*** INPUT RECORDS ***

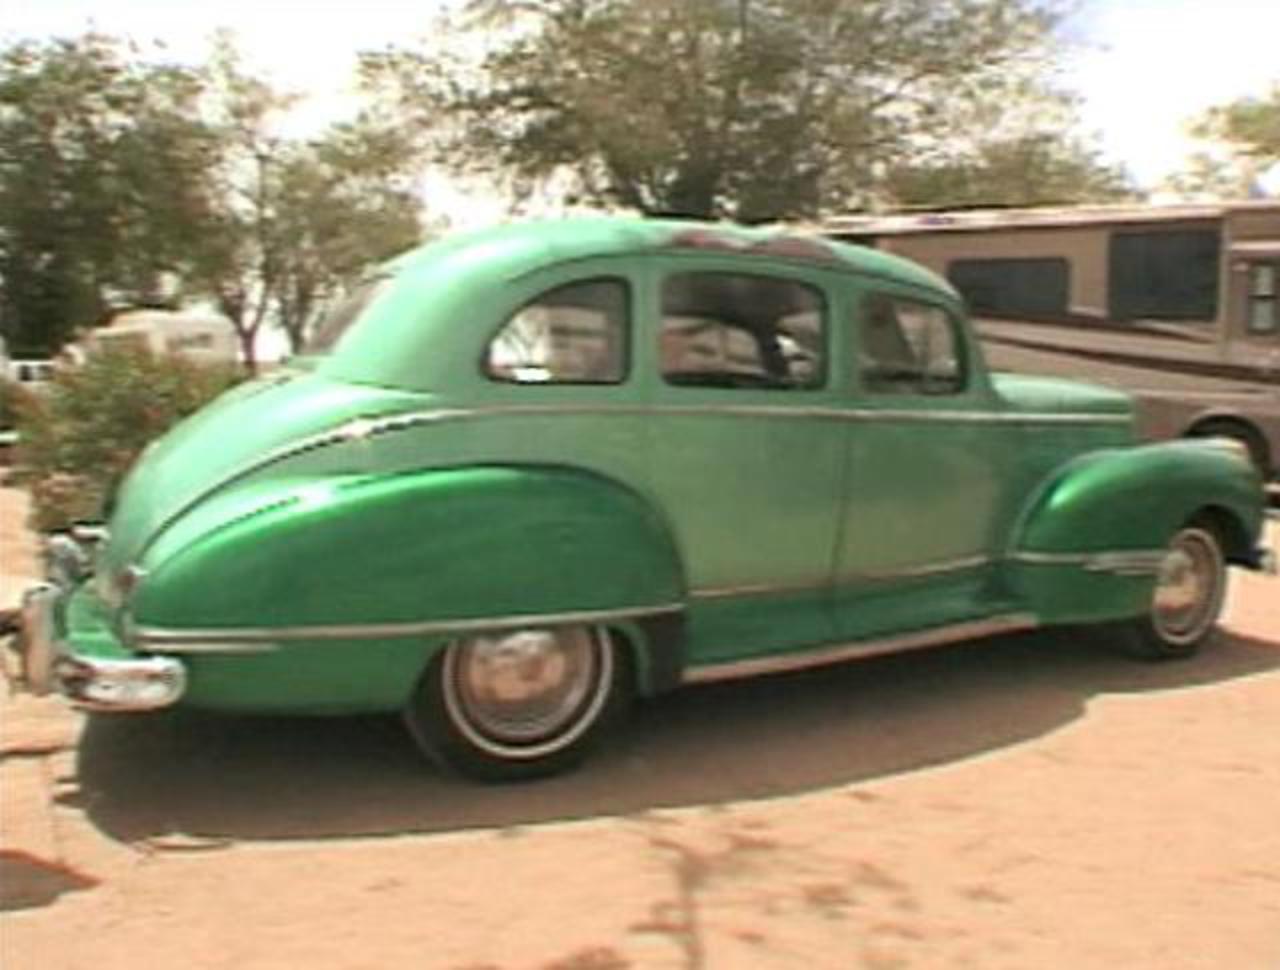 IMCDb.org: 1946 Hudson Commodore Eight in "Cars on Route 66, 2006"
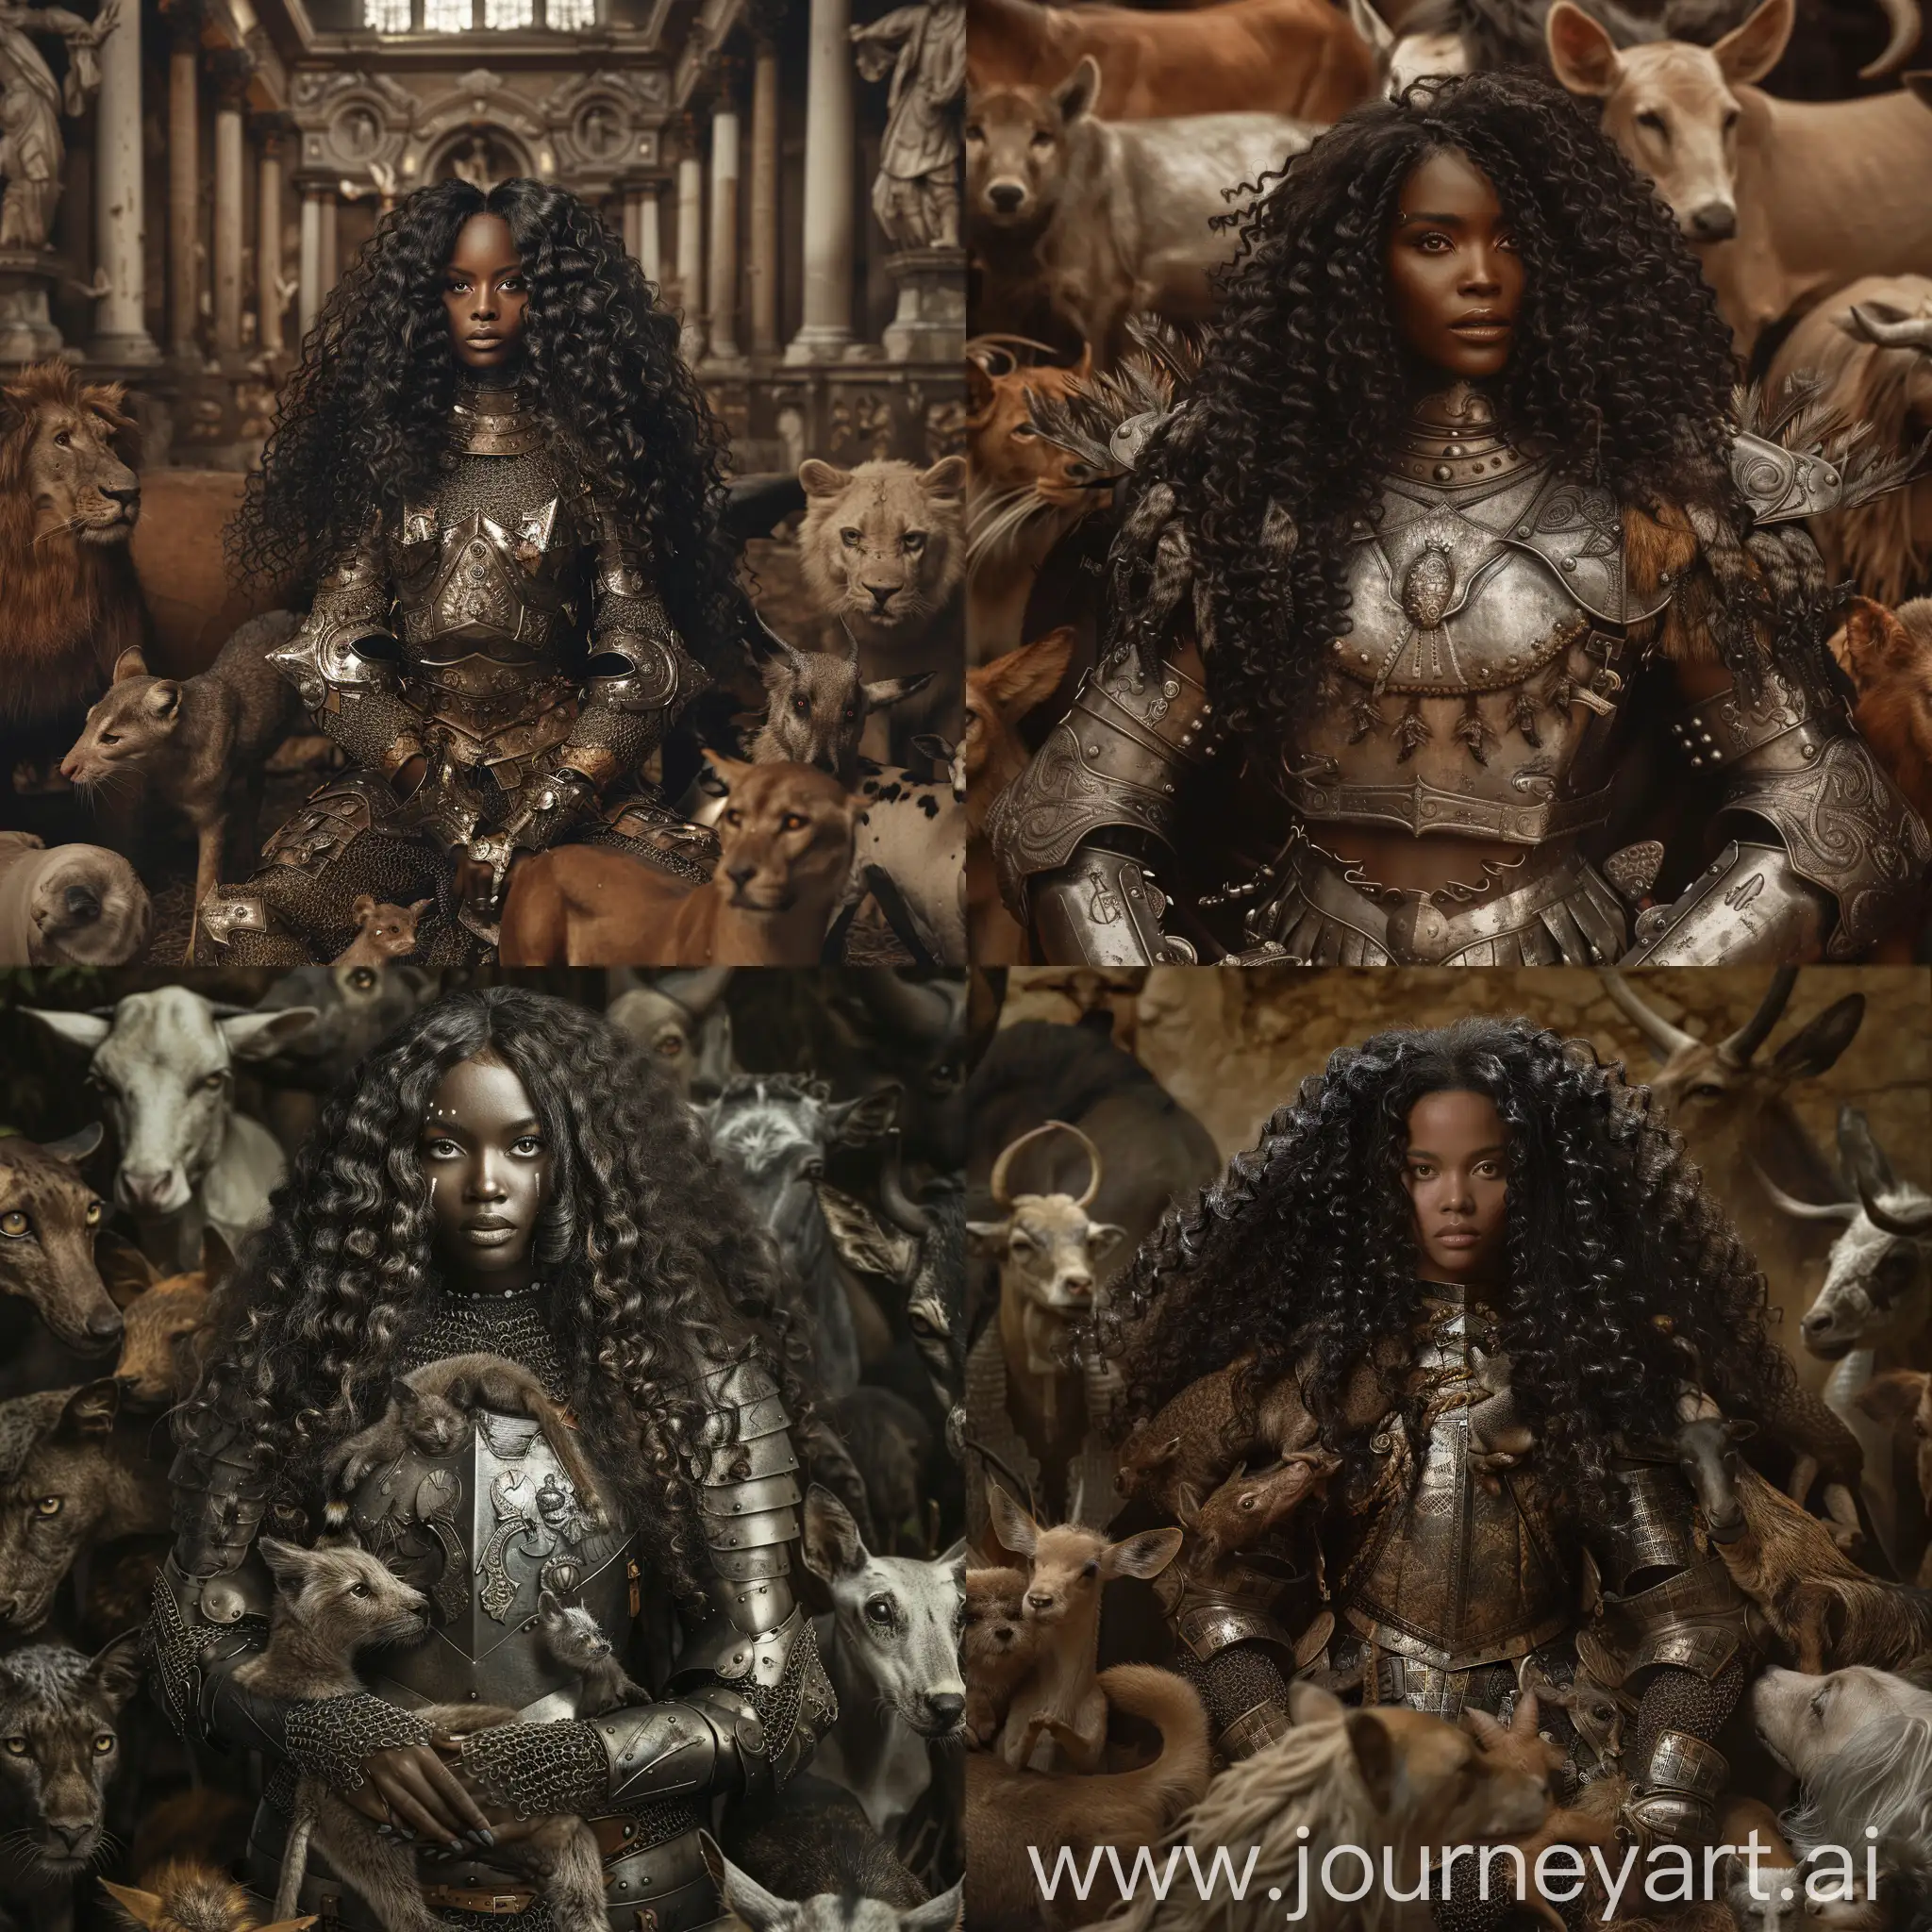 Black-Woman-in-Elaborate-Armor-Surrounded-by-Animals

*** End of INPUT RECORDS ***
*** INPUT RECORDS ***

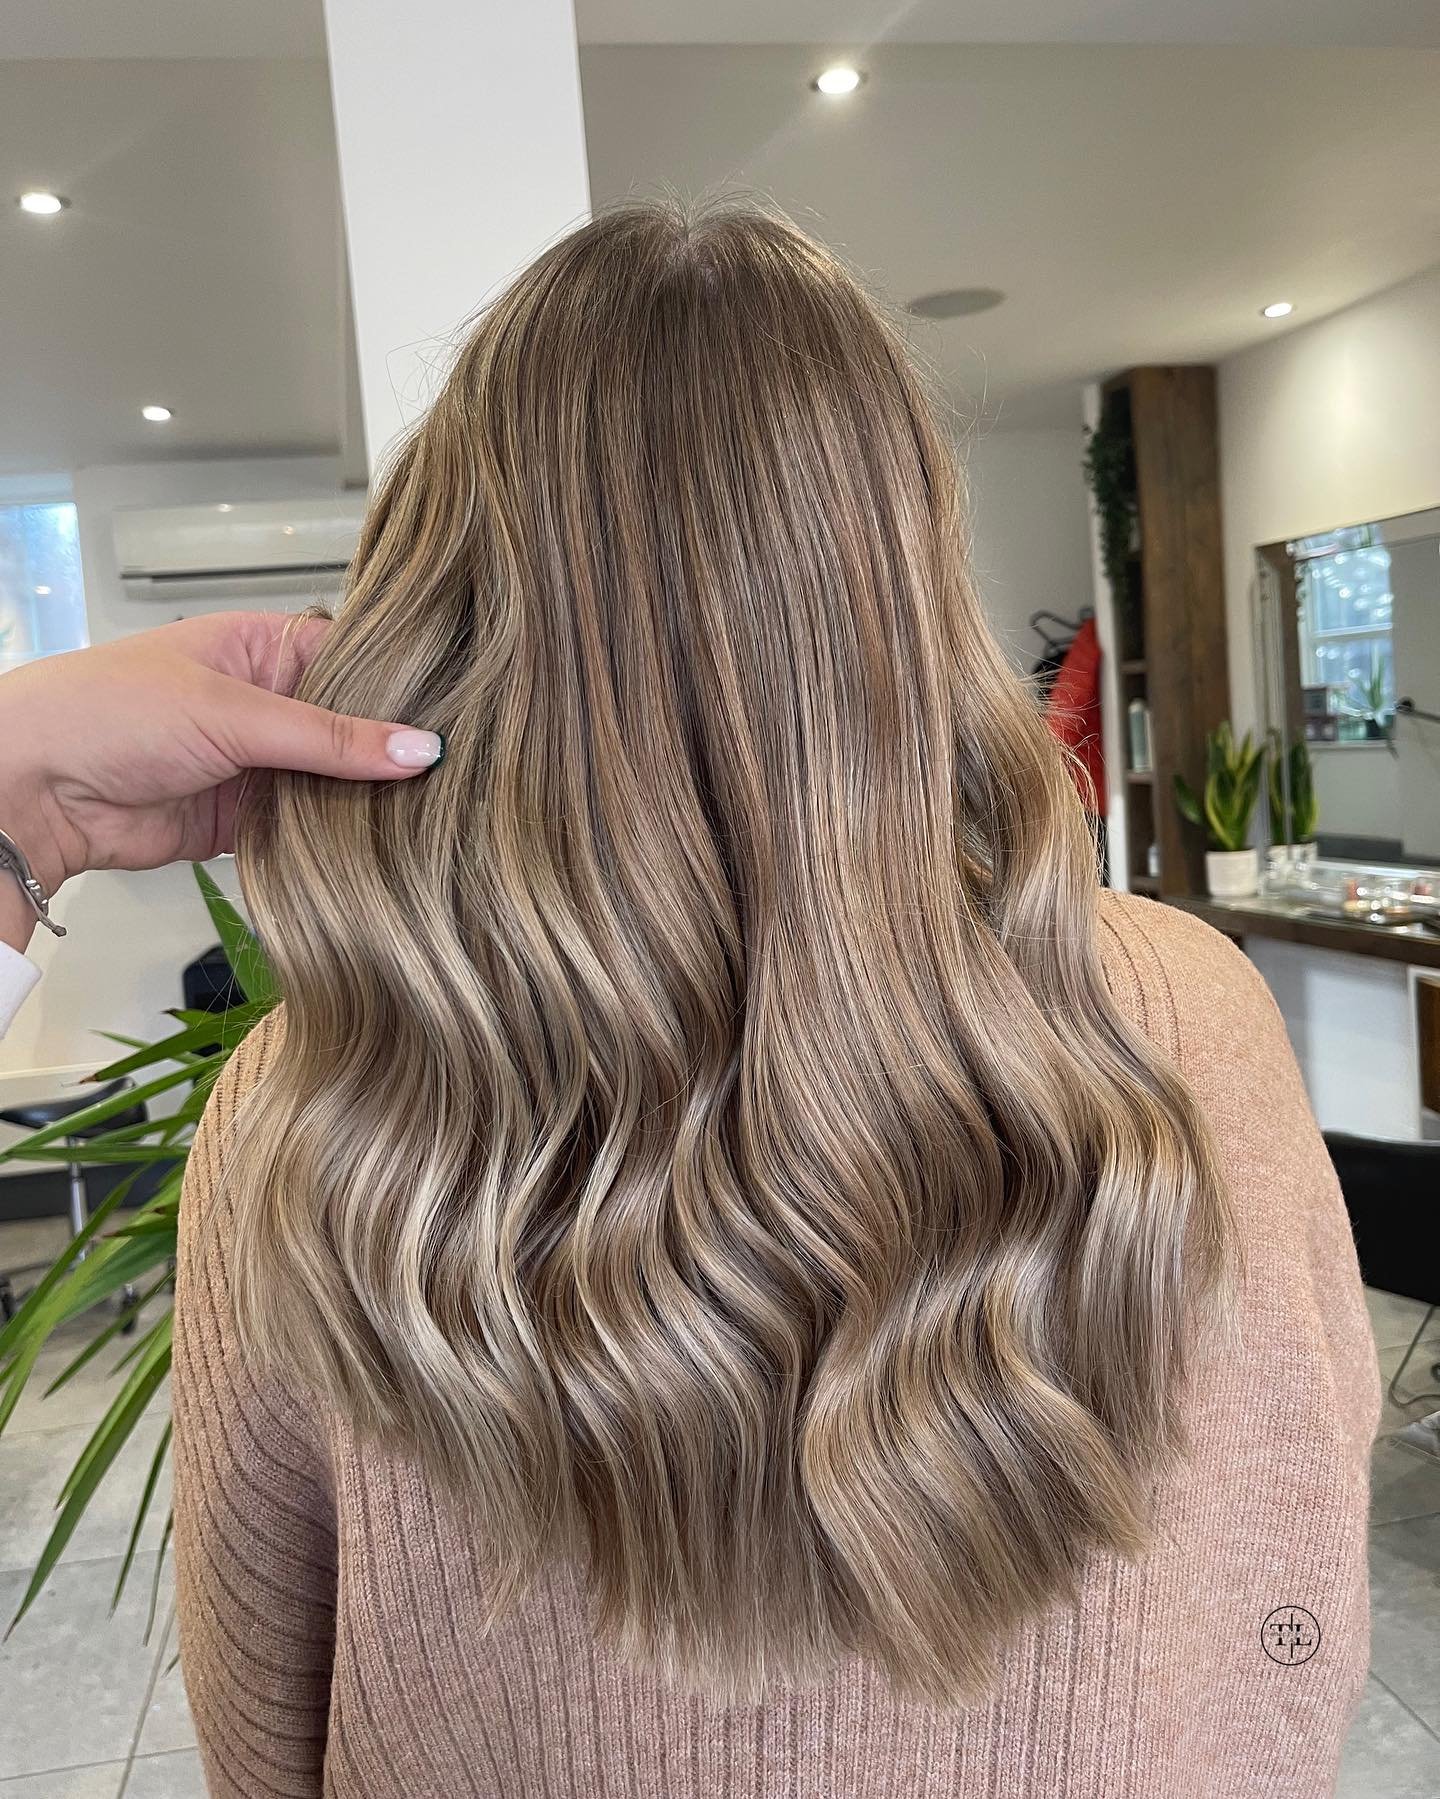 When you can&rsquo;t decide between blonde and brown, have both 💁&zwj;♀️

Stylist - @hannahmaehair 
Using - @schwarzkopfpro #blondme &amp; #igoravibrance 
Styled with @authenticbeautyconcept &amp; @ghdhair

*** End of INPUT RECORDS ***

_GOAL OF THE EXERCISE:_ An exact copy of the lines above from the one with "When you can&rsquo;t" up to and including the one with "Styled with @authenticbeautyconcept" is required; reproduce only those lines, omitting all pictures.

_RESPONSE TO THIS EXERCISE:_
 When you can&rsquo;t decide between blonde and brown, have both 💁&zwj;♀️

Stylist - @hannahmaehair 
Using - @schwarzkopfpro #blondme &amp; #igoravibrance 
Styled with @authenticbeautyconcept &amp; @ghdhair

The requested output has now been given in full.